• Supplied material:
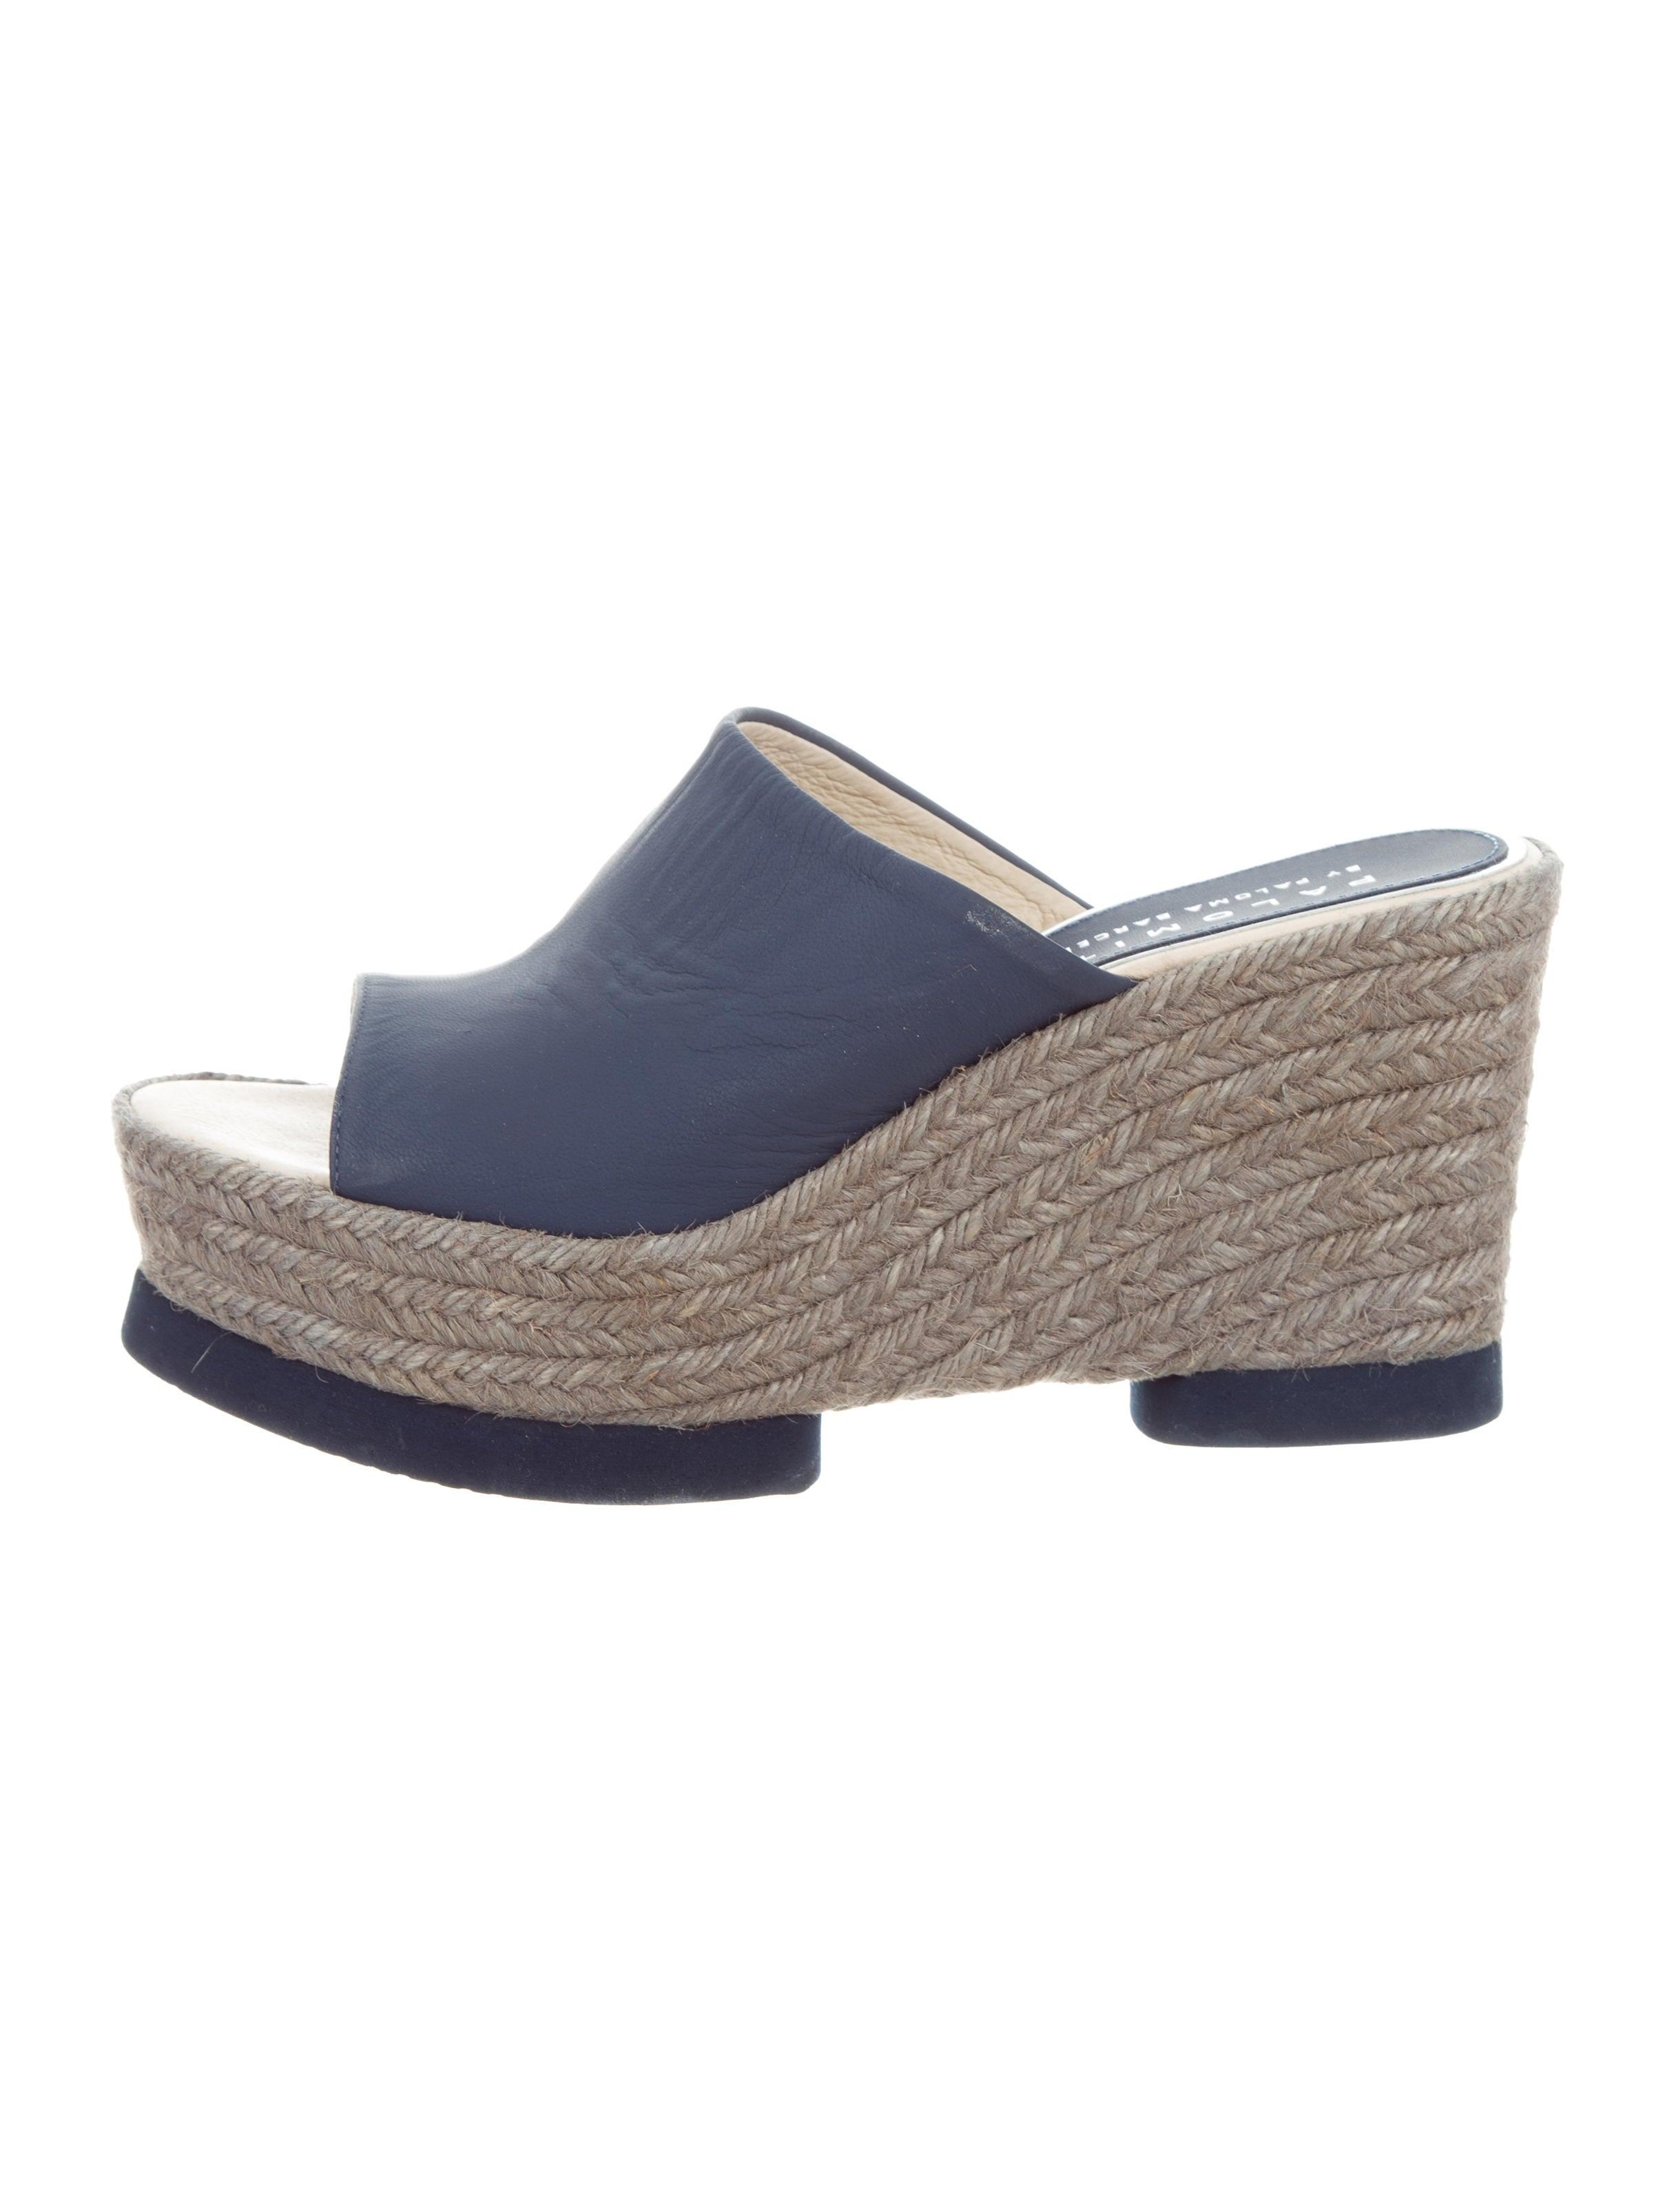 49656d4e348c Women · Shoes  Palomitas by Paloma Barceló Leather Espadrille Wedges. Leather  Espadrille Wedges
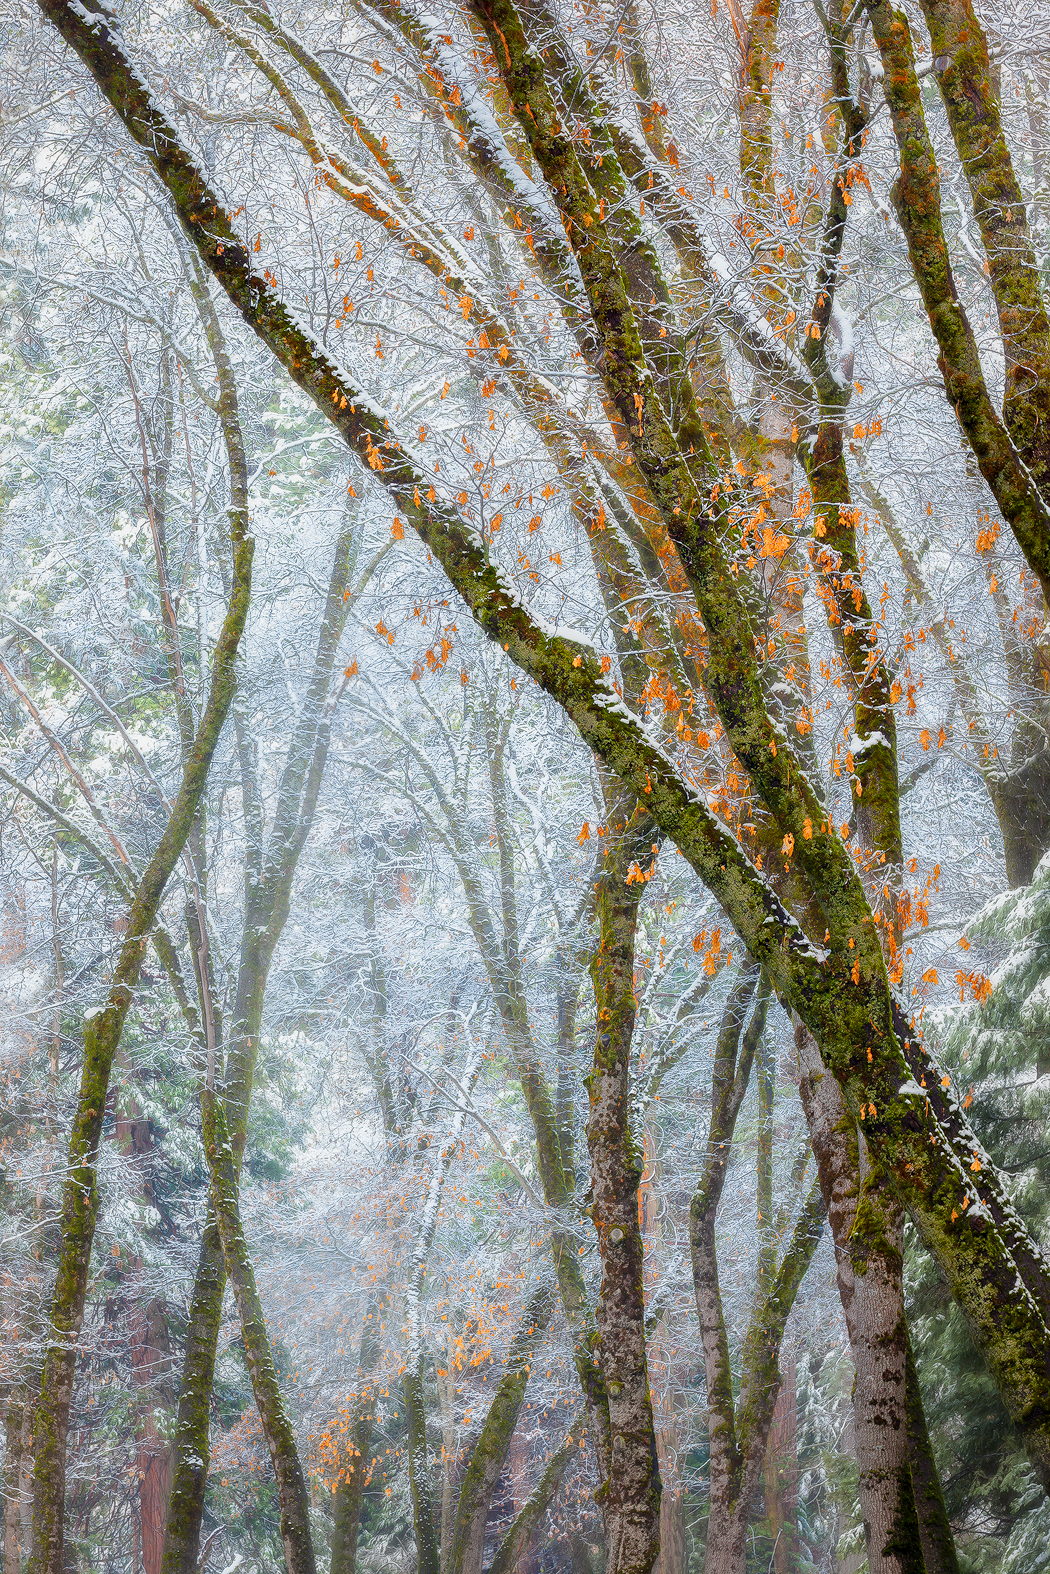 Black oaks and snowy mist qvlvy1
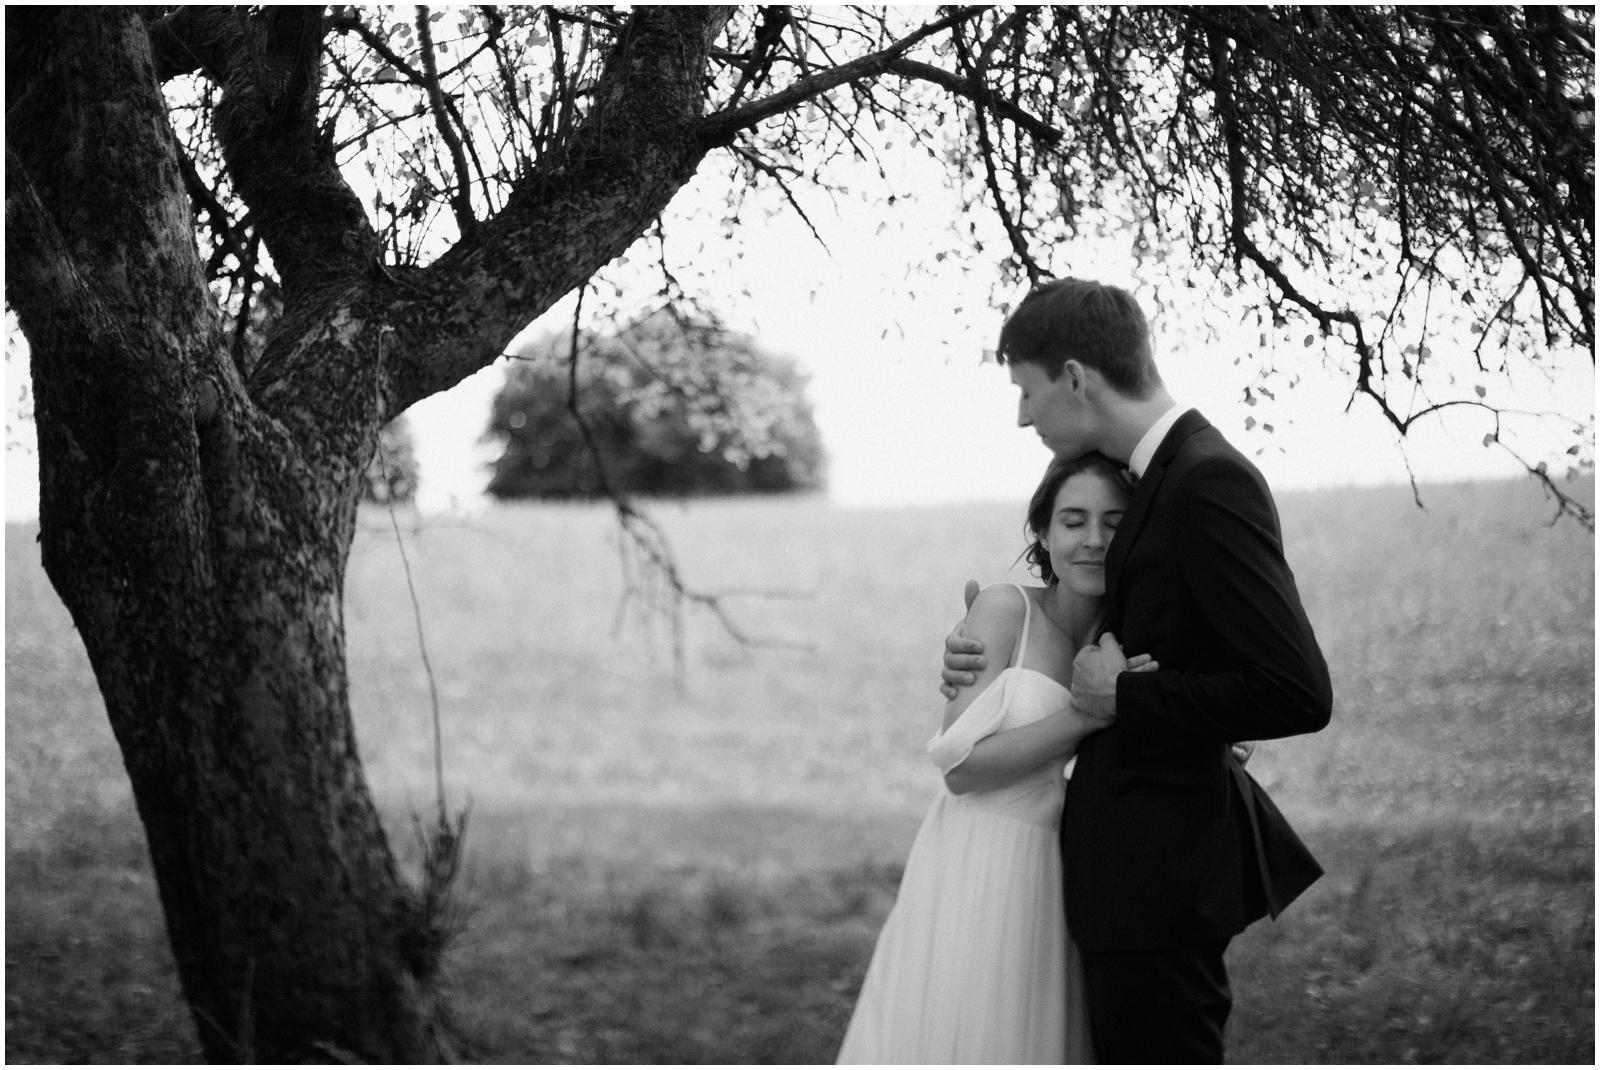 mirjam_thomas_wedding-169-2.jpg
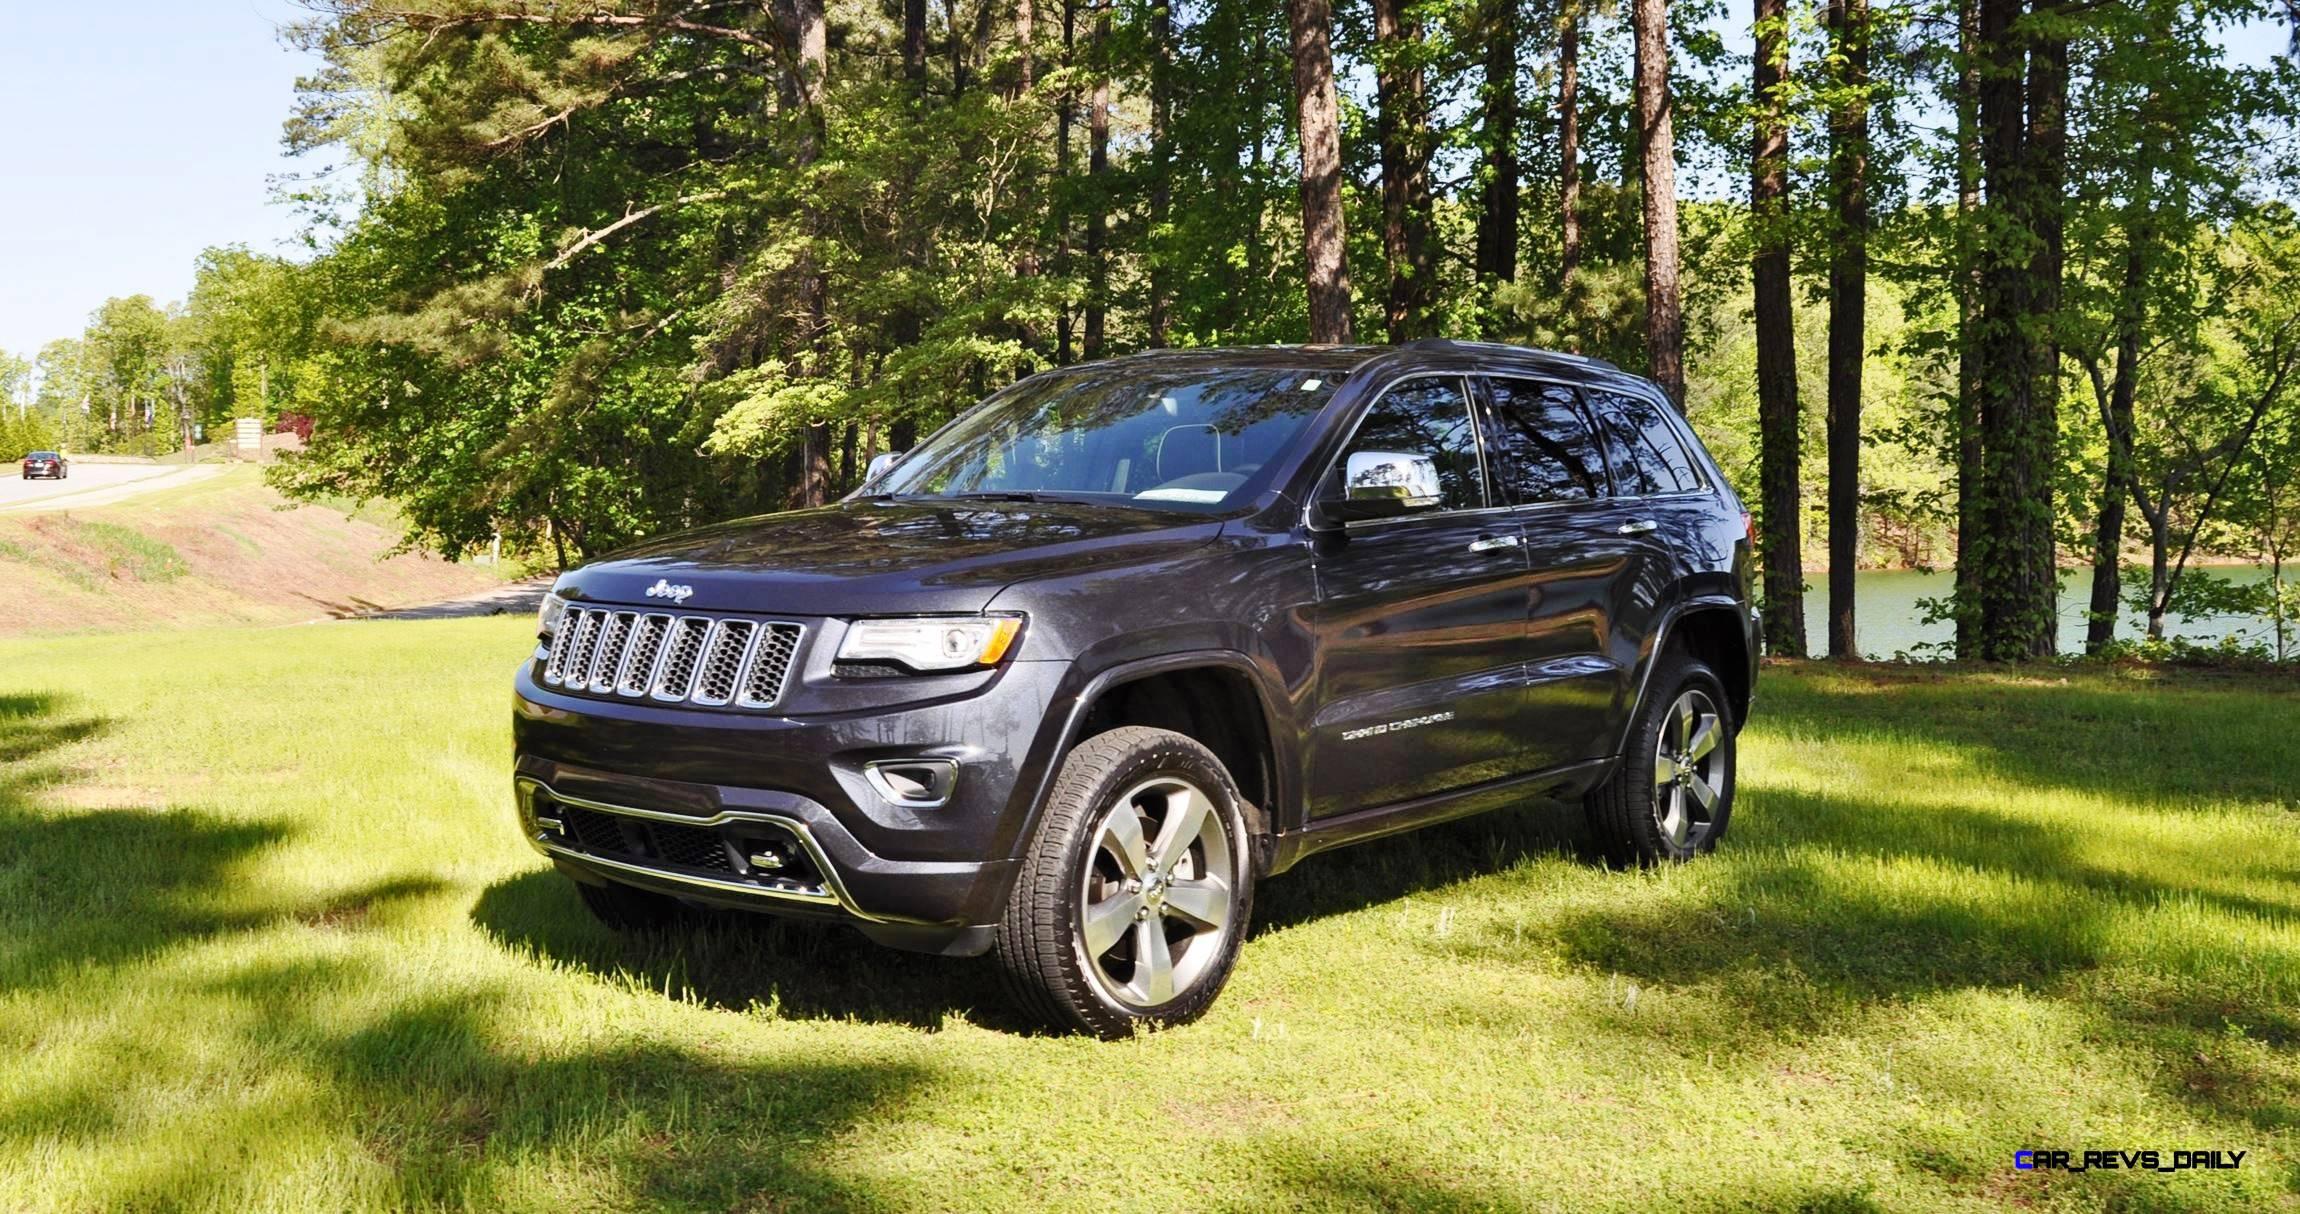 2015 jeep grand cherokee ecodiesel 39. Black Bedroom Furniture Sets. Home Design Ideas

• Exercise goal: Return exactly the lines starting at the line with "mirjam_thomas_wedding-169-2.jpg" and ending at the last line of the listing, both ends included; pictures are to be left out.

• Final answer:
 mirjam_thomas_wedding-169-2.jpg
 2015 jeep grand cherokee ecodiesel 39. Black Bedroom Furniture Sets. Home Design Ideas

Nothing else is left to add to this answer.